A notable property of all land change models is that they have some irreducible level of uncertainty in the model structure, parameter values, and/or input data. For instance, one uncertainty within land change models is a result from temporal non-stationarity that exists in land change processes, so the further into the future the model is applied, the more uncertain it is. Another uncertainty within land change models are data and parameter uncertainties within physical principles (i.e., surface typology), which leads to uncertainties in being able to understand and predict physical processes.

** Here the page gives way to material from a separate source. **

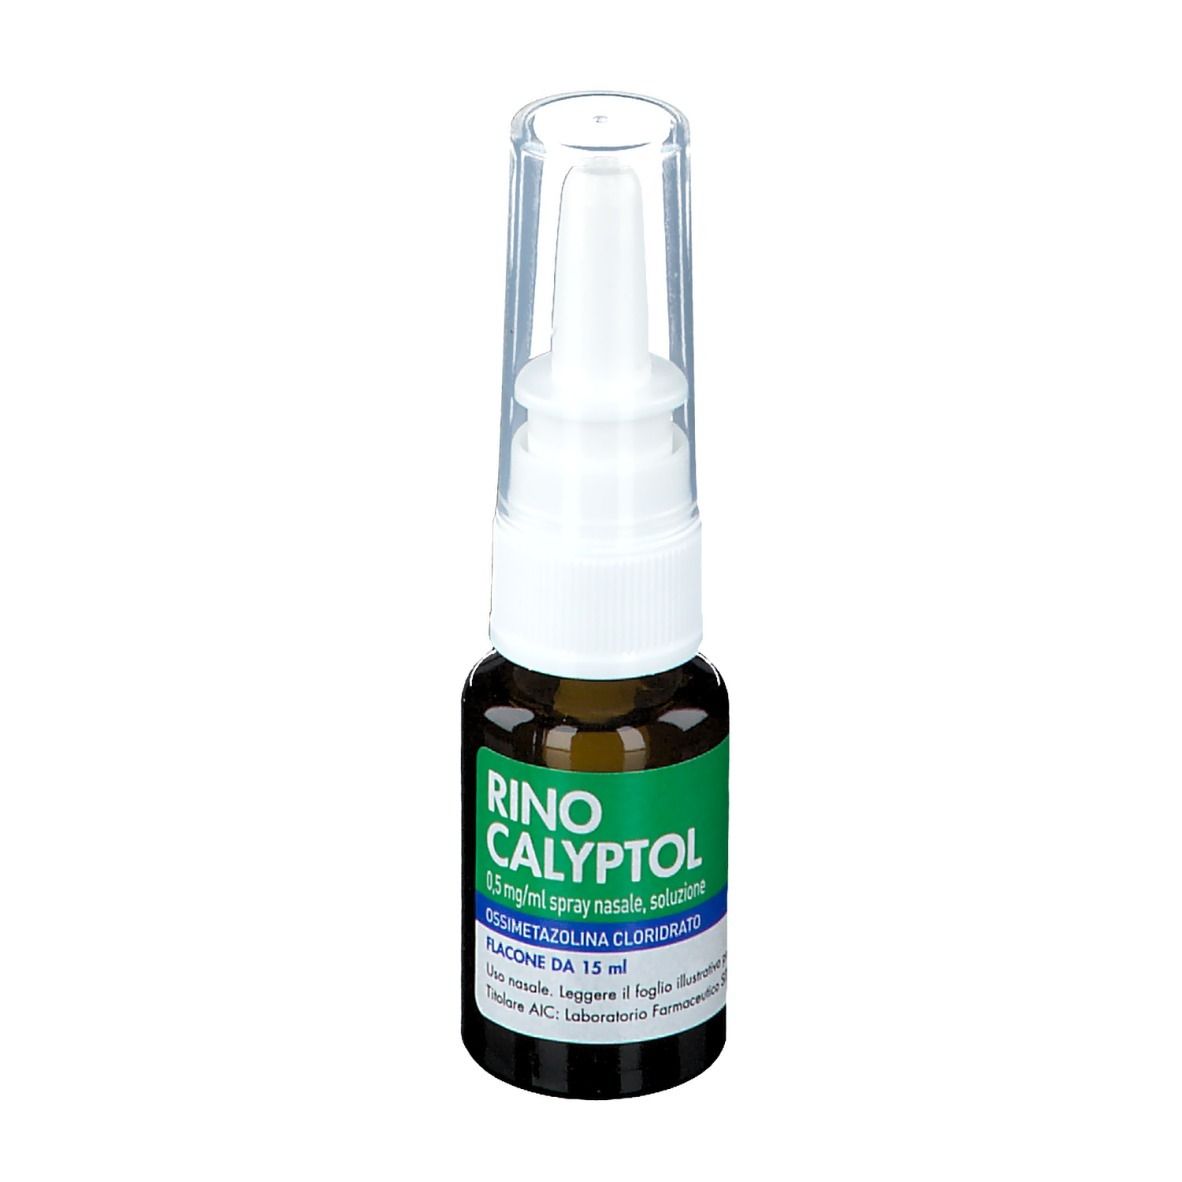 RINOCALYPTOL Spray Nasale
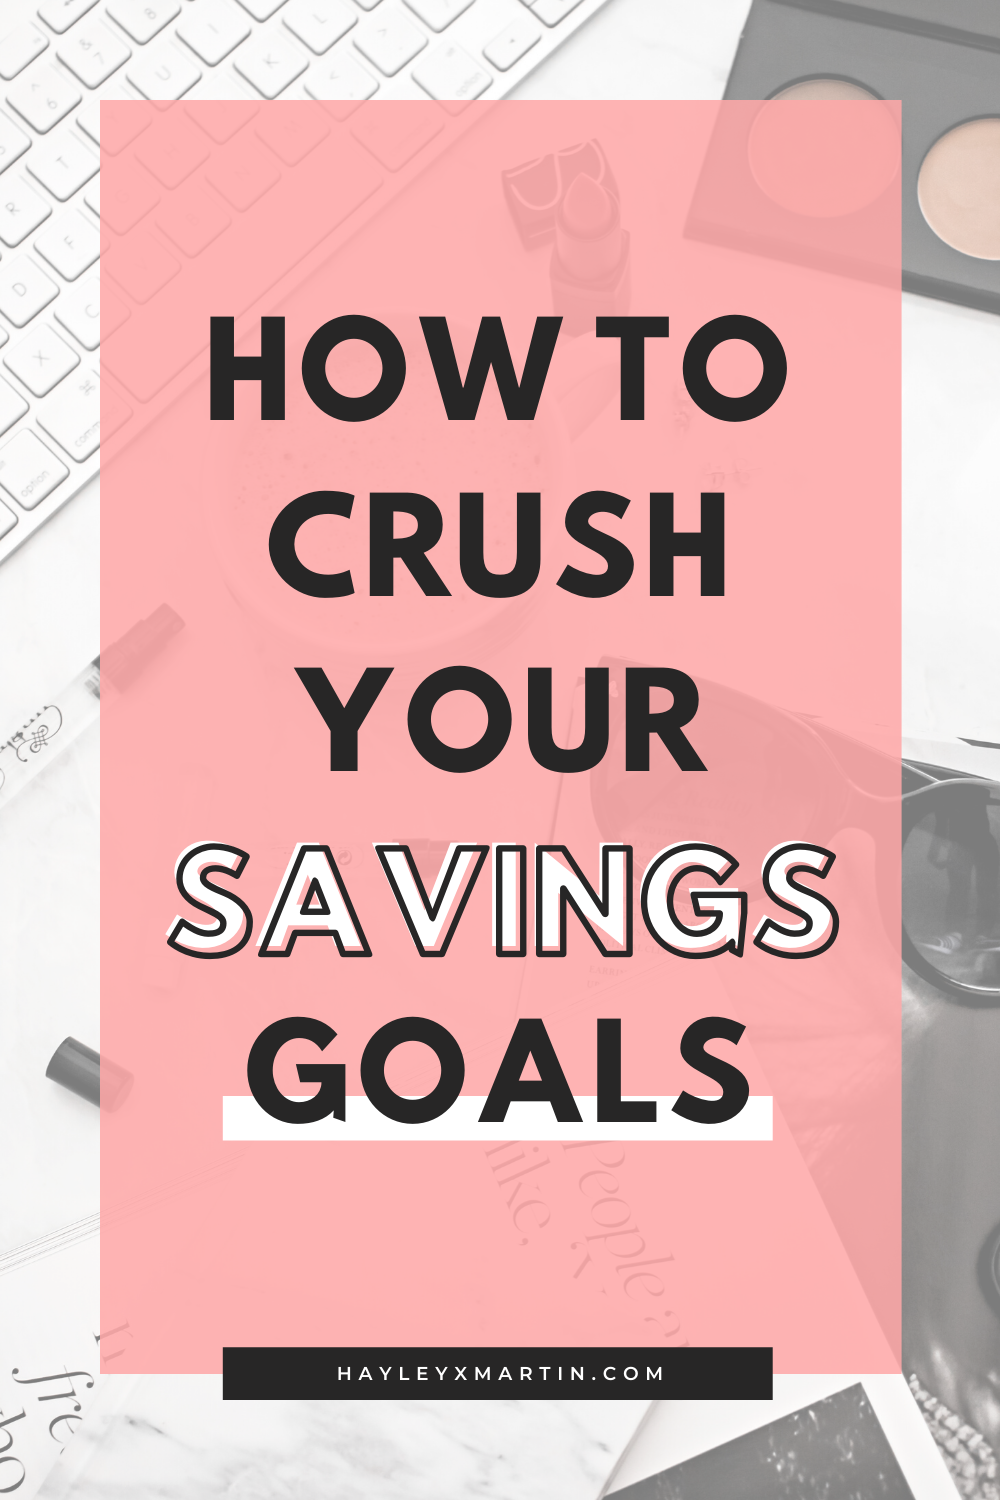 HOW TO CRUSH YOUR SAVINGS GOALS | HAYLEYXMARTIN

Furthermore, land change model design are a product of both decision-making and physical processes. Human-induced impact on the socio-economic and ecological environment is important to take into account, as it is constantly changing land cover and sometimes model uncertainty. To avoid model uncertainty and interpret model outputs more accurately, a model diagnosis is used to understand more about the connections between land change models and the actual land system of the spatial extent. The overall importance of model diagnosis with model uncertainty issues is its ability to assess how interacting processes and the landscape are represented, as well as the uncertainty within the landscape and its processes.

== Approaches ==

=== Machine learning and statistical models ===
A machine-learning approach uses land-cover data from the past to try to assess how land will change in the future, and works best with large datasets. There are multiple types of machine-learning and statistical models - a study in western Mexico from 2011 found that results from two outwardly similar models were considerably different, as one used a neural network and the other used a simple weights-of-evidence model.

=== Cellular models ===
A cellular land change model uses maps of suitability for various types of land use, and compares areas that are immediately adjacent to one another to project changes into the future. Variations in the scale of cells in a cellular model can have significant impacts on model outputs.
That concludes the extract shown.